The Impossibility of Microfoundations for Macroeconomics

One thing which never ceases to bemuse me is the intellectual insularity of mainstream economics.

Every intellectual specialization is, by necessity, insular. Specialization necessarily requires that, to have expert knowledge in one field—say, physics—you must focus on that field to the exclusion of others—for example, chemistry. Given the extent of human knowledge today, this goes far further than it did in the 19th century: the days of the true polymath are well and truly over. There are now specializations within each field, so that a physicist specializing in statistical mechanics will know relatively little about condensed matter physics, for example, and so on in other fields.

But the insularity of mainstream economics goes far beyond this necessary minimum. Though there are a few convenient exceptions who are trotted out to counter generalizations like I am making here, in general, Neoclassicals are blithely unaware of how their own school of thought developed, of empirical and theoretical results that contradict core tenets their own beliefs, of the competing schools of thought within economics, of the development of economics itself over time, and crucially, of intellectual developments that have extended human knowledge in fundamental ways that affect all fields of knowledge—including economics.
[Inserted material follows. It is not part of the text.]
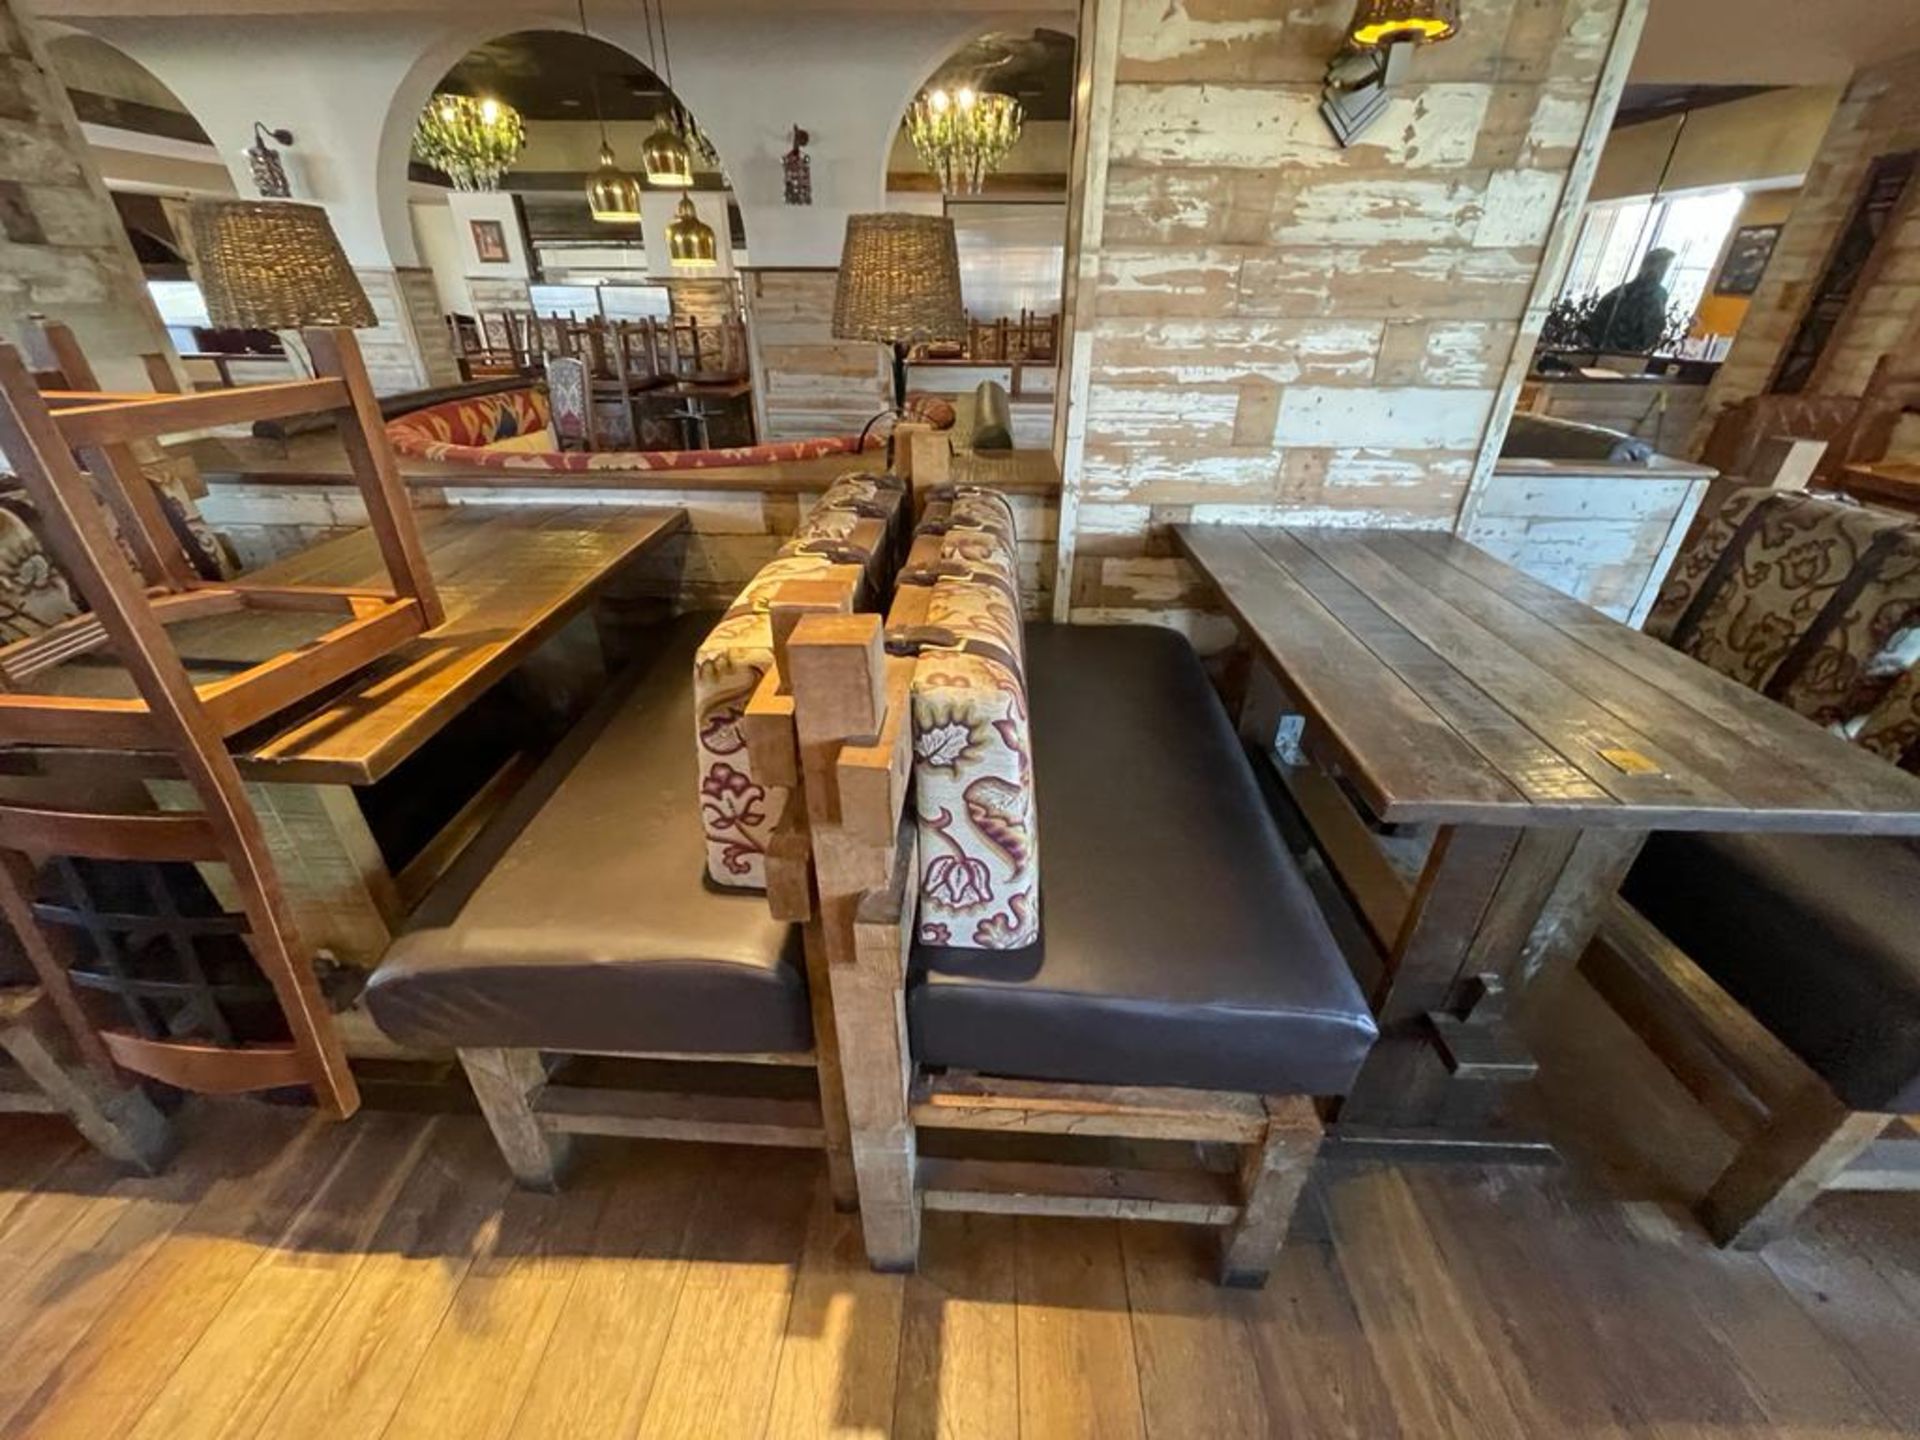 2 x Rustic Seating Benches Featuring Timber Frames, Brown Faux Leather Seat Pads and Floral Fabric - Image 11 of 13

Foremost here is their ignorance of complexity analysis, which has transformed many fields of study since its re-discovery in meteorology by Edward Lorenz in 1963 (Lorenz 1963).

  1. Complexity

Complexity is often defined by what it is not, so I will attempt a positive definition—which even so, still contains a negative:

A complex system is an often very simple dynamic system which, under certain very common conditions—nonlinear interactions between some of its three or more variables—generates extremely complicated far-from-equilibrium behaviour, which cannot be understood by reducing the system to its component parts (i.e., by reductionism).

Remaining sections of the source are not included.